» **What to produce**: Only an exact copy of the entries will serve as the answer.
** Supplied information follows **
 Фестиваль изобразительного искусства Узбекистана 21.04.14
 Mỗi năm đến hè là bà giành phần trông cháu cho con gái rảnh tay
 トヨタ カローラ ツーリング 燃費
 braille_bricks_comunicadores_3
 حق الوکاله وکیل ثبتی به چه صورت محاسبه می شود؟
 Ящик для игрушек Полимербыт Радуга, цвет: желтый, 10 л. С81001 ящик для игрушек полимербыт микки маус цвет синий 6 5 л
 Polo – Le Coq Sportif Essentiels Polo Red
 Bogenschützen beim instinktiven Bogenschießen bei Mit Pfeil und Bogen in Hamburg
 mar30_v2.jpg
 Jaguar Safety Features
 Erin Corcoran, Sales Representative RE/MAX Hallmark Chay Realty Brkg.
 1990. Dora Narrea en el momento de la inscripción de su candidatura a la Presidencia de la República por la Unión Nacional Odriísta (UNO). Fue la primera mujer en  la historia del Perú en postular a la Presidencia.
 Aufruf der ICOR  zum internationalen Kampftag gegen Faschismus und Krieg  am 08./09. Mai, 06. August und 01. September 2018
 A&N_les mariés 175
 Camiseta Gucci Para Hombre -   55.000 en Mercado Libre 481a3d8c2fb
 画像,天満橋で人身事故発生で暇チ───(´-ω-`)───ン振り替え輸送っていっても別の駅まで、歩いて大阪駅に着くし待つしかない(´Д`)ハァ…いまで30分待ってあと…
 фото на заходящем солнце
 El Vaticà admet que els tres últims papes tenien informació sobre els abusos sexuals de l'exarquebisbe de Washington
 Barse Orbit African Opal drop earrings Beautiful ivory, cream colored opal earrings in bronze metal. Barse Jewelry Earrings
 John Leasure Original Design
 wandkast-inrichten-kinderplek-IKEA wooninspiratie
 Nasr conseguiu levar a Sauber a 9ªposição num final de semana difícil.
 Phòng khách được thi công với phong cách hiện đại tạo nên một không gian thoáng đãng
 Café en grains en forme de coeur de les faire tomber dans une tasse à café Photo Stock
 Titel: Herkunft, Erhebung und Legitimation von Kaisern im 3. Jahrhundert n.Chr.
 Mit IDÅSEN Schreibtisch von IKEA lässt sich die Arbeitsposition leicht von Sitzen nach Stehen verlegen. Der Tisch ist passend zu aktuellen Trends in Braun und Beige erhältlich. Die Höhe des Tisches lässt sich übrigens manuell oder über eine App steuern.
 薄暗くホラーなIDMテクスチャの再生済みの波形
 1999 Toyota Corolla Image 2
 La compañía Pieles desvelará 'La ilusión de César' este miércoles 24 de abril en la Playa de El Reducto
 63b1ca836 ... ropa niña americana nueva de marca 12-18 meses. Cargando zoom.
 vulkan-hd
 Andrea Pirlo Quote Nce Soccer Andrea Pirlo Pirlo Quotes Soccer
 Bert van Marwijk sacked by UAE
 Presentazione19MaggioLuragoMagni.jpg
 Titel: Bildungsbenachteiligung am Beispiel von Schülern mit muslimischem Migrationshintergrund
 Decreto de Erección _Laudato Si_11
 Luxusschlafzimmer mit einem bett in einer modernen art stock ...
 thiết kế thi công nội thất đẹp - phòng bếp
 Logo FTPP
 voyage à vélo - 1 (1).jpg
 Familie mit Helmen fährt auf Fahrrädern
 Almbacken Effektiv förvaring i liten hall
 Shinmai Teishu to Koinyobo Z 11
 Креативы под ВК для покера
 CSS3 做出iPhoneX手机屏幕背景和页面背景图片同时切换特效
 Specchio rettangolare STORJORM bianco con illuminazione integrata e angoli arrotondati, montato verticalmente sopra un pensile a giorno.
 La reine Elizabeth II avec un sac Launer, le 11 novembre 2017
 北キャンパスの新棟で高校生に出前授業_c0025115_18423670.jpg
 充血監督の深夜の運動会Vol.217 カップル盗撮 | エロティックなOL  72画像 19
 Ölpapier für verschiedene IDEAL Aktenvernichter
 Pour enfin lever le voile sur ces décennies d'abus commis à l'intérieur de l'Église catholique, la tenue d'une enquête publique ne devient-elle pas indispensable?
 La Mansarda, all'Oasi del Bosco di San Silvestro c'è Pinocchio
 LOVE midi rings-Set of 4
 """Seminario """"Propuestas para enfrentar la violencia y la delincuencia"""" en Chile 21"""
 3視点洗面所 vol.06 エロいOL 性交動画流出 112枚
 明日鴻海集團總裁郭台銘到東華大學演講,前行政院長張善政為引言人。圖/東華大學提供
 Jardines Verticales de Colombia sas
** End of Supplied information **
» **Output for this task**:
 Фестиваль изобразительного искусства Узбекистана 21.04.14
 Mỗi năm đến hè là bà giành phần trông cháu cho con gái rảnh tay
 トヨタ カローラ ツーリング 燃費
 braille_bricks_comunicadores_3
 حق الوکاله وکیل ثبتی به چه صورت محاسبه می شود؟
 Ящик для игрушек Полимербыт Радуга, цвет: желтый, 10 л. С81001 ящик для игрушек полимербыт микки маус цвет синий 6 5 л
 Polo – Le Coq Sportif Essentiels Polo Red
 Bogenschützen beim instinktiven Bogenschießen bei Mit Pfeil und Bogen in Hamburg
 mar30_v2.jpg
 Jaguar Safety Features
 Erin Corcoran, Sales Representative RE/MAX Hallmark Chay Realty Brkg.
 1990. Dora Narrea en el momento de la inscripción de su candidatura a la Presidencia de la República por la Unión Nacional Odriísta (UNO). Fue la primera mujer en  la historia del Perú en postular a la Presidencia.
 Aufruf der ICOR  zum internationalen Kampftag gegen Faschismus und Krieg  am 08./09. Mai, 06. August und 01. September 2018
 A&N_les mariés 175
 Camiseta Gucci Para Hombre -   55.000 en Mercado Libre 481a3d8c2fb
 画像,天満橋で人身事故発生で暇チ───(´-ω-`)───ン振り替え輸送っていっても別の駅まで、歩いて大阪駅に着くし待つしかない(´Д`)ハァ…いまで30分待ってあと…
 фото на заходящем солнце
 El Vaticà admet que els tres últims papes tenien informació sobre els abusos sexuals de l'exarquebisbe de Washington
 Barse Orbit African Opal drop earrings Beautiful ivory, cream colored opal earrings in bronze metal. Barse Jewelry Earrings
 John Leasure Original Design
 wandkast-inrichten-kinderplek-IKEA wooninspiratie
 Nasr conseguiu levar a Sauber a 9ªposição num final de semana difícil.
 Phòng khách được thi công với phong cách hiện đại tạo nên một không gian thoáng đãng
 Café en grains en forme de coeur de les faire tomber dans une tasse à café Photo Stock
 Titel: Herkunft, Erhebung und Legitimation von Kaisern im 3. Jahrhundert n.Chr.
 Mit IDÅSEN Schreibtisch von IKEA lässt sich die Arbeitsposition leicht von Sitzen nach Stehen verlegen. Der Tisch ist passend zu aktuellen Trends in Braun und Beige erhältlich. Die Höhe des Tisches lässt sich übrigens manuell oder über eine App steuern.
 薄暗くホラーなIDMテクスチャの再生済みの波形
 1999 Toyota Corolla Image 2
 La compañía Pieles desvelará 'La ilusión de César' este miércoles 24 de abril en la Playa de El Reducto
 63b1ca836 ... ropa niña americana nueva de marca 12-18 meses. Cargando zoom.
 vulkan-hd
 Andrea Pirlo Quote Nce Soccer Andrea Pirlo Pirlo Quotes Soccer
 Bert van Marwijk sacked by UAE
 Presentazione19MaggioLuragoMagni.jpg
 Titel: Bildungsbenachteiligung am Beispiel von Schülern mit muslimischem Migrationshintergrund
 Decreto de Erección _Laudato Si_11
 Luxusschlafzimmer mit einem bett in einer modernen art stock ...
 thiết kế thi công nội thất đẹp - phòng bếp
 Logo FTPP
 voyage à vélo - 1 (1).jpg
 Familie mit Helmen fährt auf Fahrrädern
 Almbacken Effektiv förvaring i liten hall
 Shinmai Teishu to Koinyobo Z 11
 Креативы под ВК для покера
 CSS3 做出iPhoneX手机屏幕背景和页面背景图片同时切换特效
 Specchio rettangolare STORJORM bianco con illuminazione integrata e angoli arrotondati, montato verticalmente sopra un pensile a giorno.
 La reine Elizabeth II avec un sac Launer, le 11 novembre 2017
 北キャンパスの新棟で高校生に出前授業_c0025115_18423670.jpg
 充血監督の深夜の運動会Vol.217 カップル盗撮 | エロティックなOL  72画像 19
 Ölpapier für verschiedene IDEAL Aktenvernichter
 Pour enfin lever le voile sur ces décennies d'abus commis à l'intérieur de l'Église catholique, la tenue d'une enquête publique ne devient-elle pas indispensable?
 La Mansarda, all'Oasi del Bosco di San Silvestro c'è Pinocchio
 LOVE midi rings-Set of 4
 """Seminario """"Propuestas para enfrentar la violencia y la delincuencia"""" en Chile 21"""
 3視点洗面所 vol.06 エロいOL 性交動画流出 112枚
 明日鴻海集團總裁郭台銘到東華大學演講,前行政院長張善政為引言人。圖/東華大學提供
 Jardines Verticales de Colombia sas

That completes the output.